Dispensa a Mercedes!
O homem, João, chacreiro levava uma vida modesta e vivia das safrinhas sazonais. Casado, não sossegou enquanto o terceiro filho não nasceu. O mais velho chamava-se Joaquim, a do meio, Constantina e o último Manoel. Três filhos eram à conta da velhice e João, não cansava de aconselhar os amigos nas peladas dos fins de semana.
_ Não percam tempo. Se vocês se distraírem, ficam velhos e, cadê os ajudantes para a velhice. Dividam as obrigações dos filhos para com vocês e, se a onça não passar no terreiro antes da doença, vocês não pesarão na vida deles. Um cansa, o outro ajuda e a do meio reclama que você não deu atenção. Velho e sossegado, vocês e as suas amáveis cúmplices na hora do trabalho de parto. Vamos reconhecer, elas dão uma ajuda danada na vida da gente.
João e a sua filosofia de vida faziam rir os amigos.

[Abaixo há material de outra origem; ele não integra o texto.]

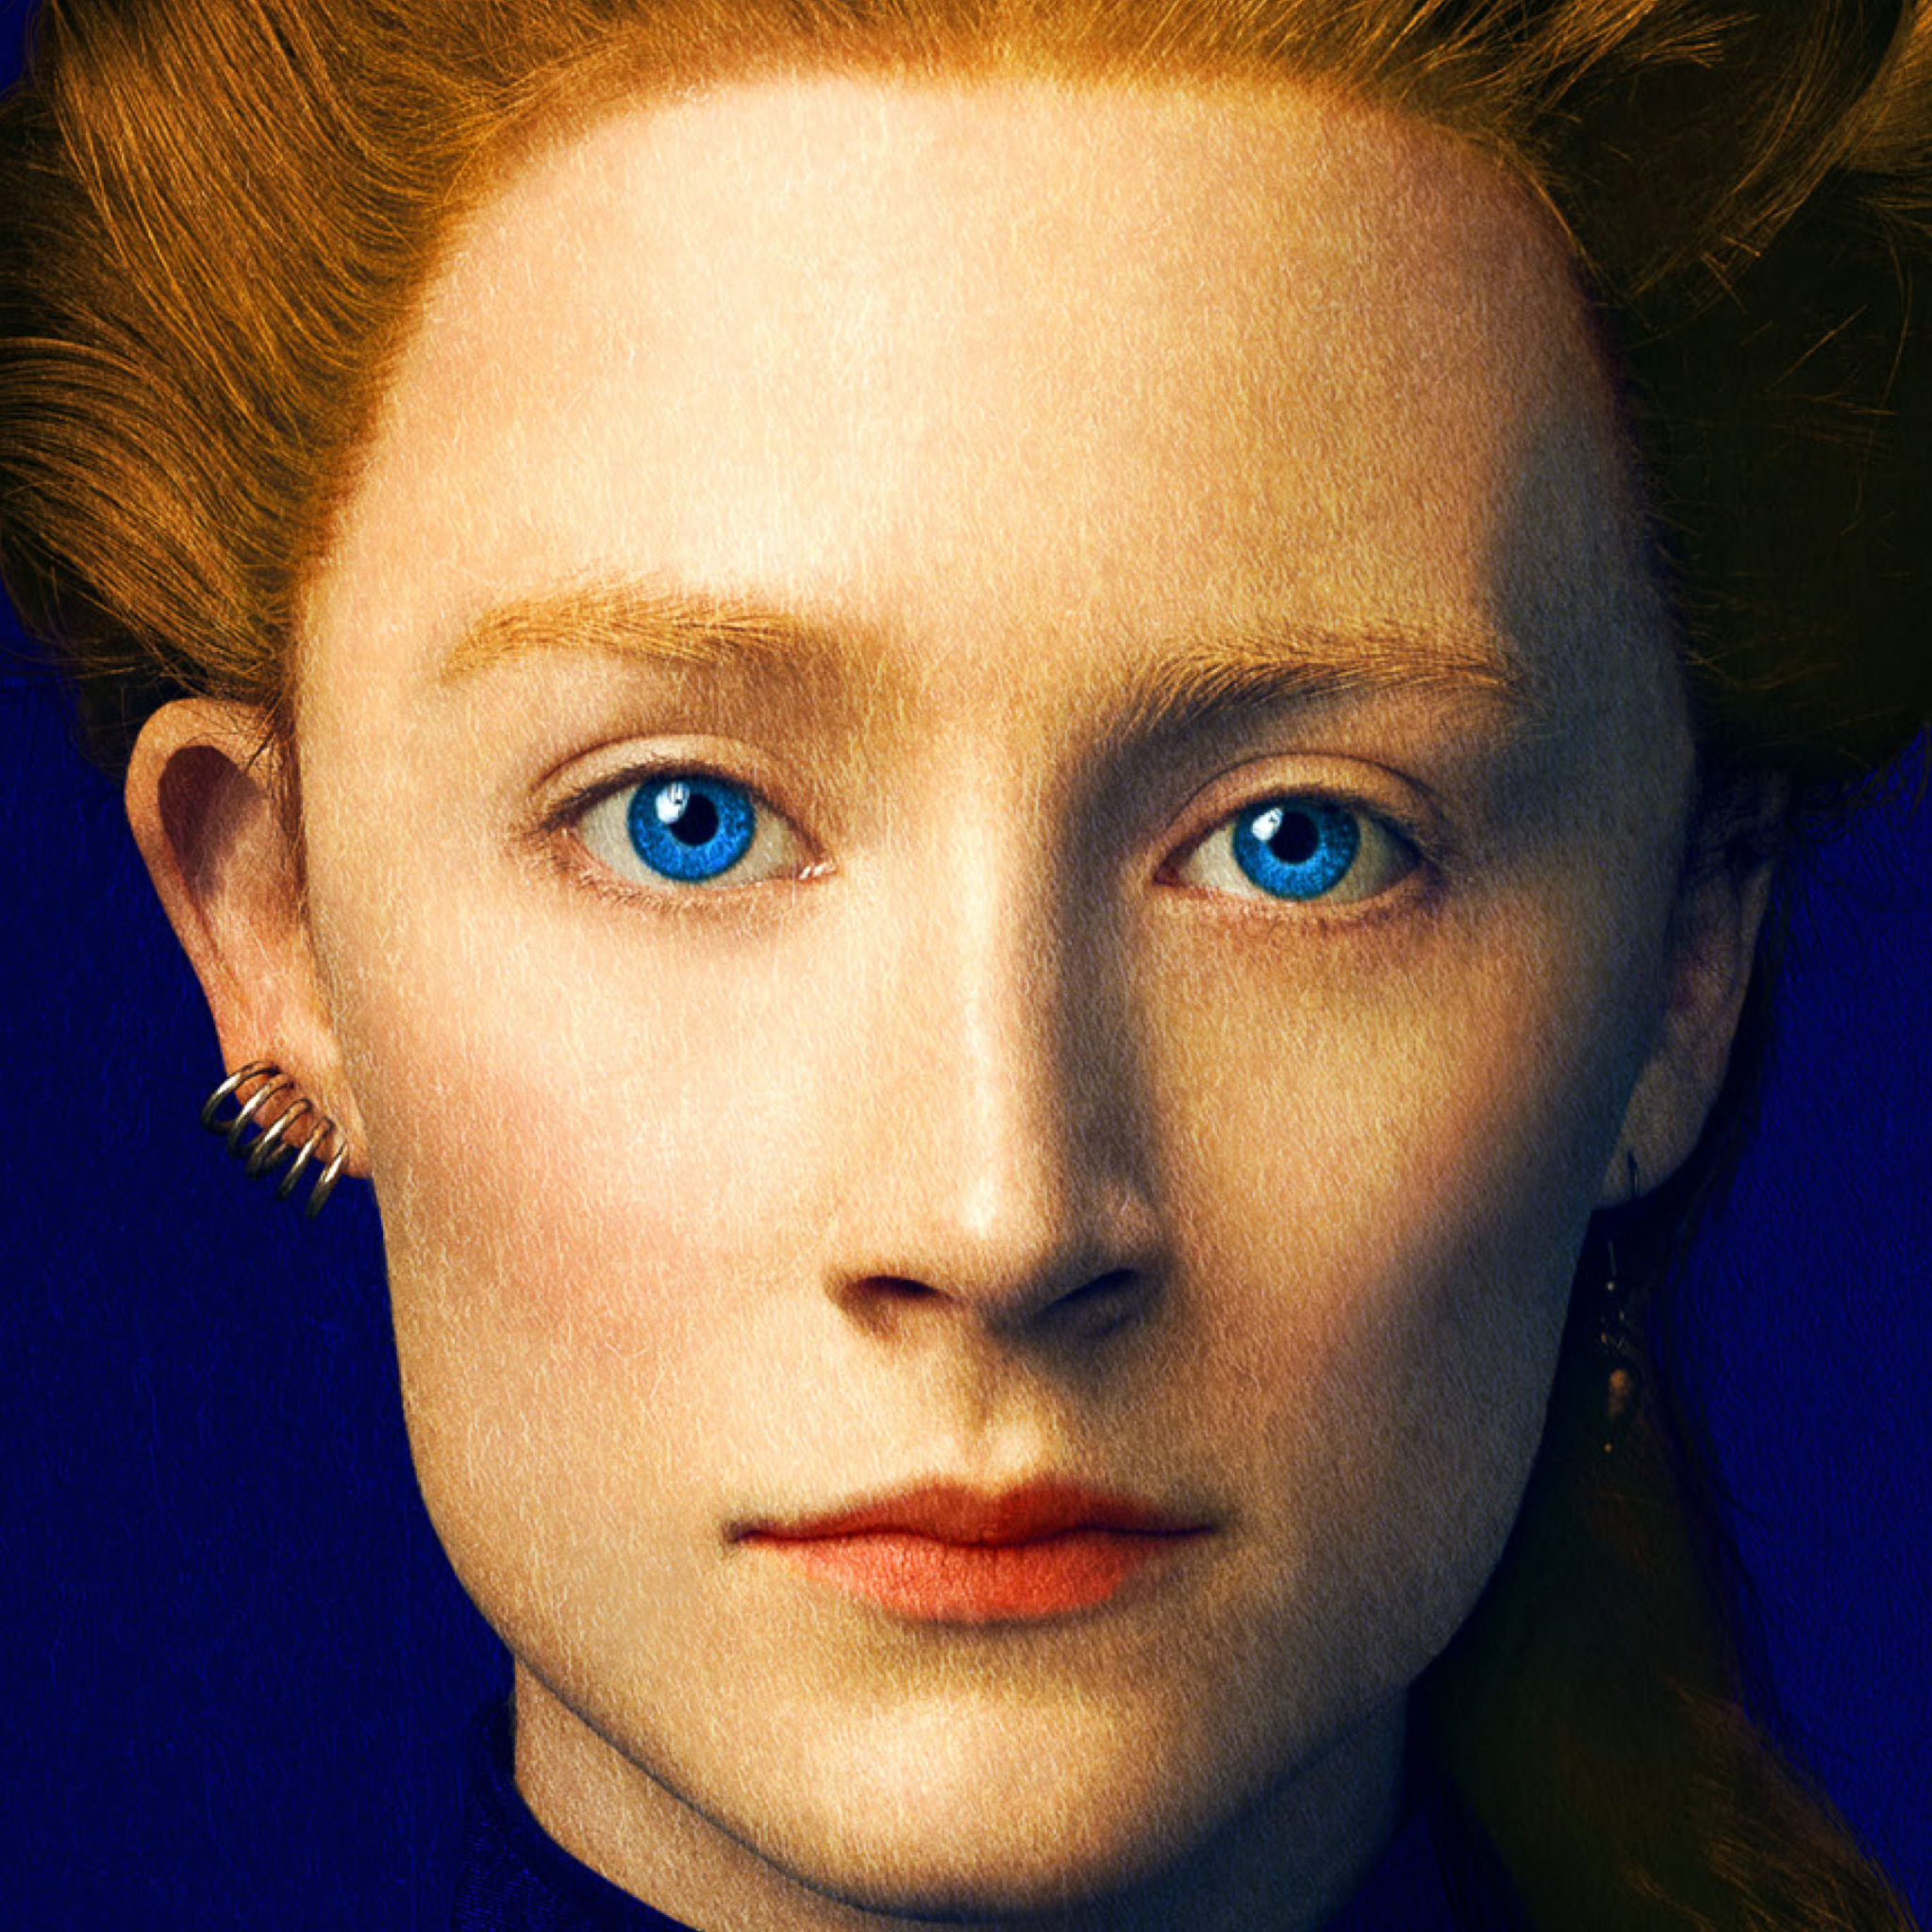 Saoirse Ronan In Mary Queen Of Scots Movie Wallpapers

_Não tem desculpa para não tratar dos dentes. Eu marco hora na universidade, os estudantes me atendem, os professores avaliam o tratamento e a família fica com um sorriso bonito na fotografia. Melhor que isso, todo o mundo lá em casa come leitão crocante sem reclamar. Qual é a vantagem da safrinha, da venda, se eu não puder comer? A mastigação garante o bucho em bom estado de conservação. O meu bucho bem tratado.
Contador de história, bom de prosa e confiado, o grande fazendeiro da região, de apelido Turrão, resolveu aprontar uma pegada para ele. Em um dia de tempo seco, pegou o seu carro de luxo importado e foi até a chácara do João.
_João, deixarei o Impala aqui para te ajudar. Pode usá-lo para ir à cidade, no campo, virei buscar o carro daqui a três meses. Foi-se embora pensando que o João iria usar o automóvel e por certo estragá-lo. Sem contar que o automóvel era segurado, foi-se embora deixando o carro estacionado ao lado da cerca. João tinha um trator velho e não sabia dirigir.
João não mexeu no carro e continuou com as safrinhas, o trator e a contação de vantagens aos amigos de sempre.
Nesse meio tempo choveu, fez sol, e o Impala no tempo. Na chácara não tinha garagem porque não tinha automóvel.
Passados os três meses, Turrão chegou para buscar o carro.
_João, o meu carro está atolado?
_Choveu Turrão.
_João você não saiu, não experimentou o possante?
_Eu estava plantando e colhendo Turrão.
Turrão, irritado, perguntou como é que ele iria tirar o carro coberto até as portas de barro.
_Eu pego uma corda e amarro no trator. Eu ajudo e dispenso a Mercedes para o senhor.
_Não é Mercedes, é Impala!
_Não adiantou Turrão, eu tentei limpá-la, mas o tempo não ajudou. Turrão, você e a sua mulher têm três filhos?